08:32:48 <jakeyip> I don't understand this dalees ^
08:34:56 <dalees> well, now I write out the steps, it's a lot of actual code changes vs editing one values file!
08:35:09 <sd109> I guess the alternative here is that we are happy to continue adding more and more labels for niche use cases like this and then putting together some proper documentation on the full list of supported labels in the driver?
08:35:58 <jakeyip> I feel like this needs a rethink; the current model doesn't really align well weith helm chart values
08:38:03 <sd109> What if we refactored the driver code so that the values overrides were only merged in during the `create_cluster` function but not within the `update_cluster` and other future operations? That might protect backwards compatibility?
08:38:33 <dalees> yeah, that's a point sd109  - it ends with a lot of specialized flag labels in Magnum. That's the current option, so maybe this overrides file needs some guidance around what to put in there (and what not to) and we'll be okay.
08:39:06 <dalees> sd109: the same values must be merged every time. every 'helm upgrade' overwrites the old values
08:39:21 <dalees> so you'd have to store them at create time
08:39:52 <sd109> Helm has a `--reuse-values` flag that we could make use of I think?
08:40:55 <dalees> so it does
08:41:54 <sd109> Anyway, patch is not viable in its current state and you've both raised some very good points on backwards compatibility etc so thanks for that. We'll have a rethink around how we might be able to do this in a safer way.
08:41:56 <dalees> it would solve one problem, i'd have to think a bit more about it - I wonder if it'd cause any other issues.
08:42:04 <jakeyip> but also is storing a value at create time the expected behaviour? say can an operator want to use this file to force a new image because the existing one has a security issue?
08:43:51 <dalees> sd109: thanks to you and John for proposing it and discussing here, it's still really interesting and there's a lot about labels that is not ideal.

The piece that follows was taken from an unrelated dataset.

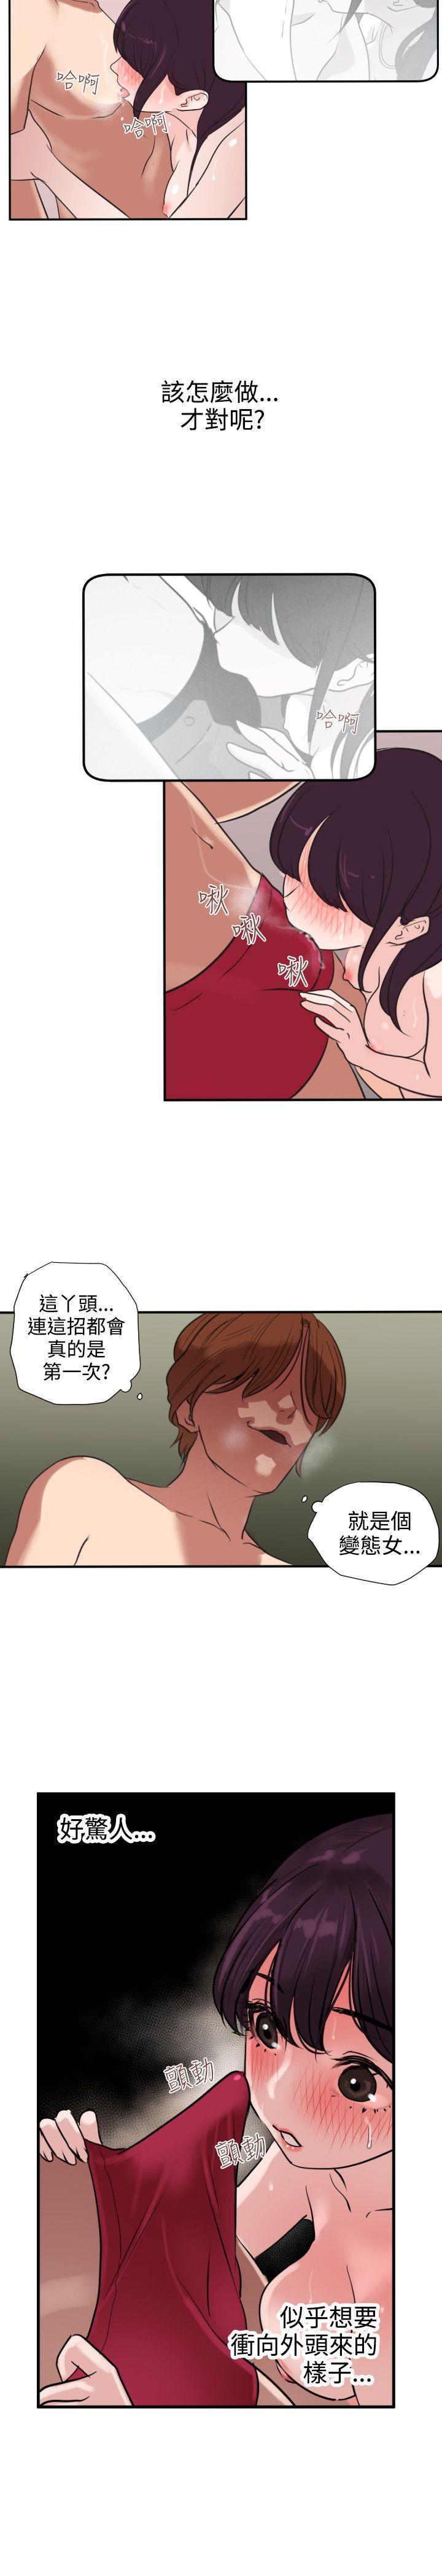 韩国污漫画 欲求王 第2话 18

08:44:02 <sd109> Yeah agreed, it needs a rethink... I'm happy to move on for now if you'd like and we can pick this up again next time after some thinking time.
08:44:27 <jakeyip> yeah let's take some time to think about it
08:44:41 <dalees> alright; let's move on to `autoscaling min/max defaults`: https://review.opendev.org/c/openstack/magnum-capi-helm/+/952061
08:45:50 <dalees> so I'm working on this currently (but hitting some backwards compatibility with older clusters which I'm working through). The goal is to let customers change autoscale min/max per nodegroup.
08:48:08 <jakeyip> it's a big patch I need some time to digest. I will star it
08:48:46 <dalees> yep fair enough; no need to review live. we can do it async.
08:49:13 <dalees> just wanted to draw attention to it, especially with sd109_  here who worked on a previous change to this.
08:49:48 <dalees> we can move on for this meeting.
08:49:59 <dalees> next to discuss: `Driver OpenStackCluster api version is old`: https://review.opendev.org/c/openstack/magnum-capi-helm/+/950806
08:50:10 <sd109_> Yeah thanks for raising it, it's been a while since I've looked at that section of the code so will need some time to refresh my memory on how it works but I'll try to get to it this week.
08:50:57 <jakeyip> I do have a related question - is it still the case the current number of nodes doesn't reflect in magnum api ?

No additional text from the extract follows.